> Dataset excerpts:
########
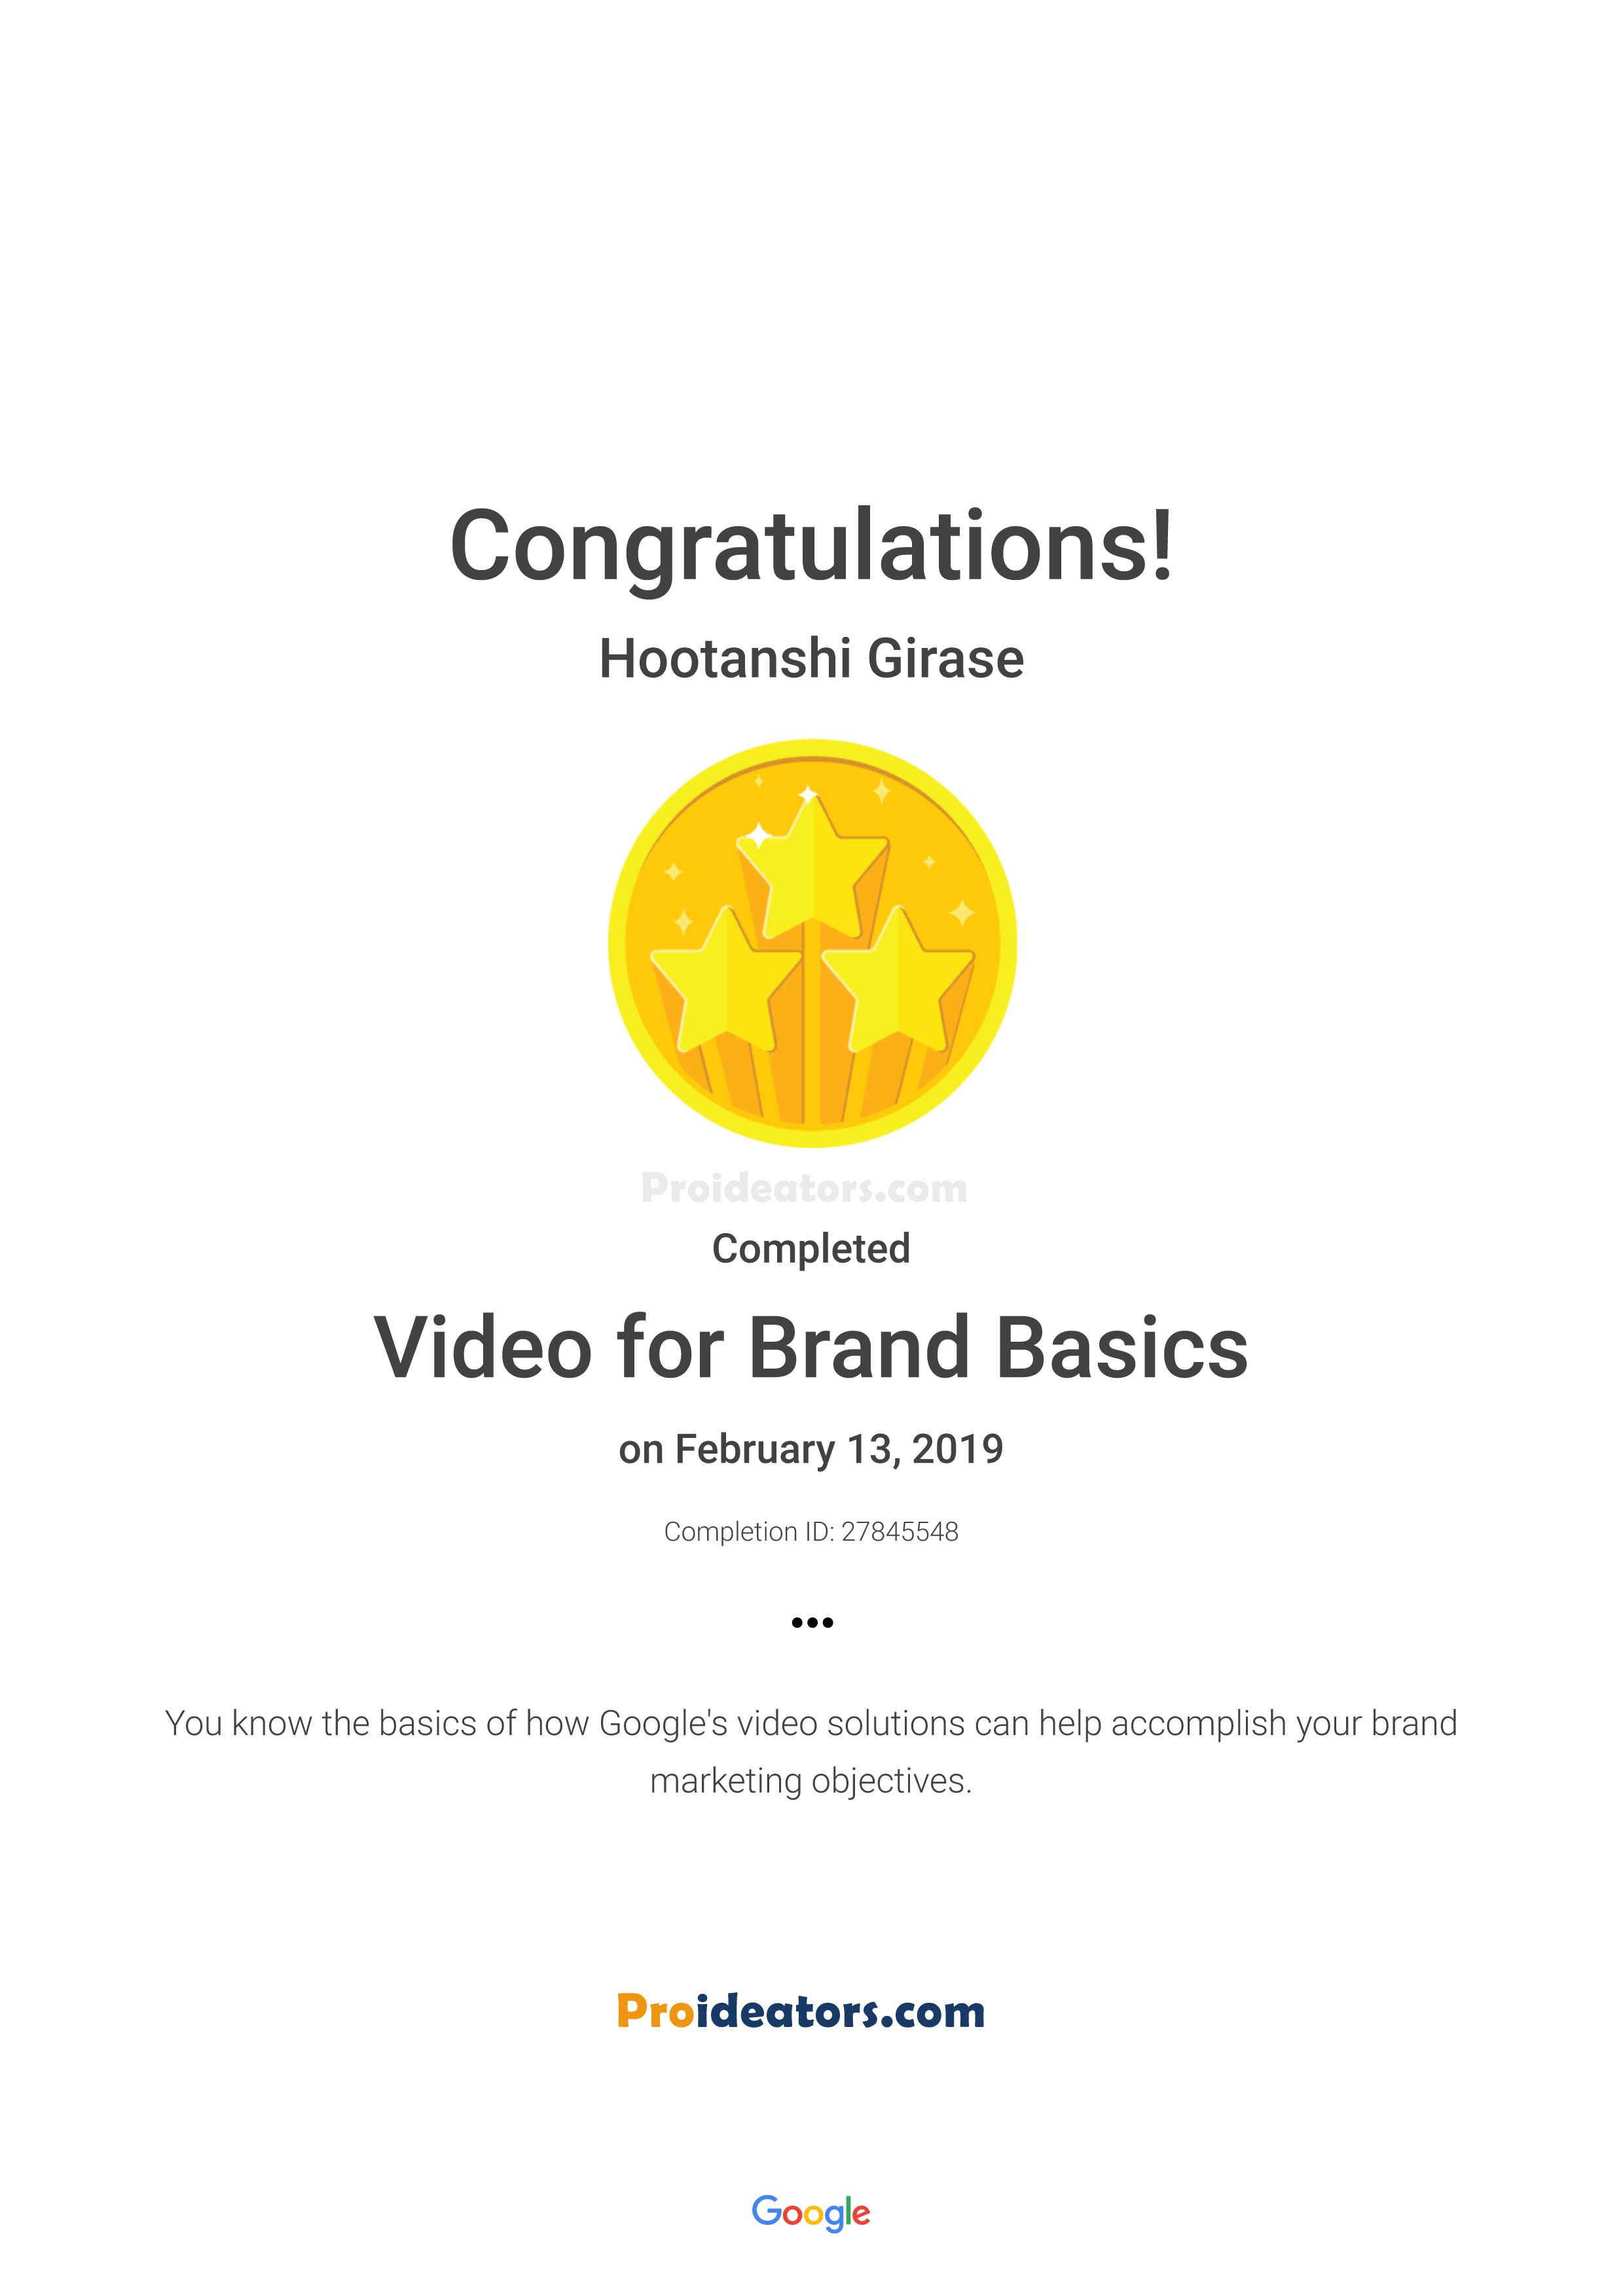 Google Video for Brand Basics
########
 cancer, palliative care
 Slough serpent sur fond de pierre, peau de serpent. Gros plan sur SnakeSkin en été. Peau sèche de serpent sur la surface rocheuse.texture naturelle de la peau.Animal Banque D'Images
########
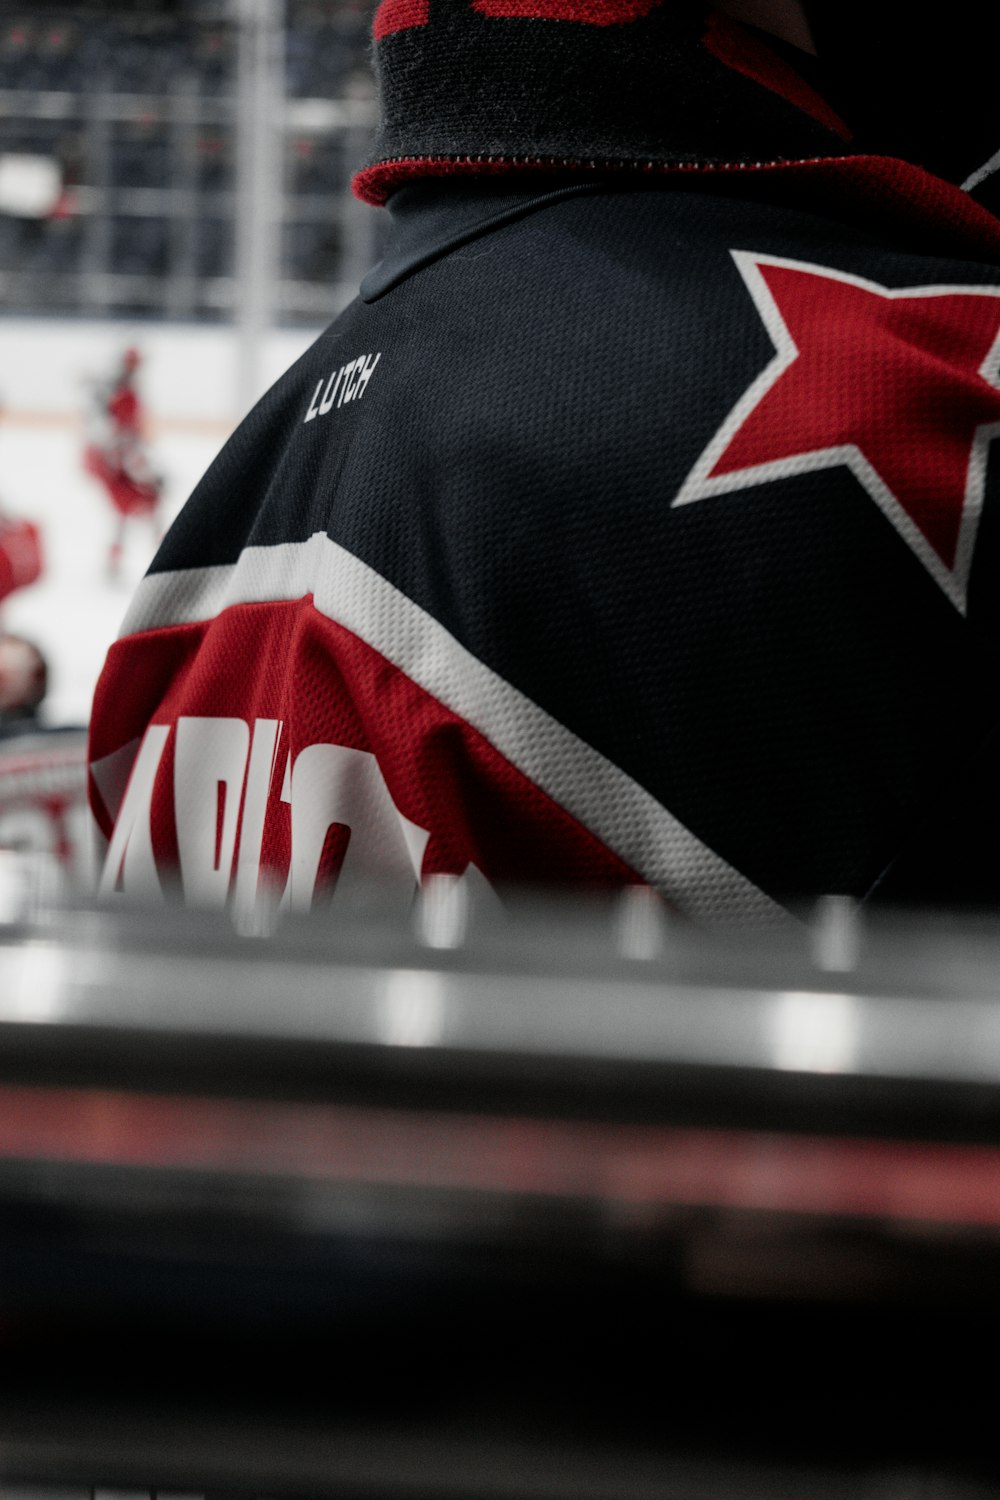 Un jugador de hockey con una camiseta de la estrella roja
########
Every line above from the line with "cancer, palliative care" to the line with "Slough serpent sur" is wanted, ends included; write them out exactly and add no other line.

> Exercise answer:
 cancer, palliative care
 Slough serpent sur fond de pierre, peau de serpent. Gros plan sur SnakeSkin en été. Peau sèche de serpent sur la surface rocheuse.texture naturelle de la peau.Animal Banque D'Images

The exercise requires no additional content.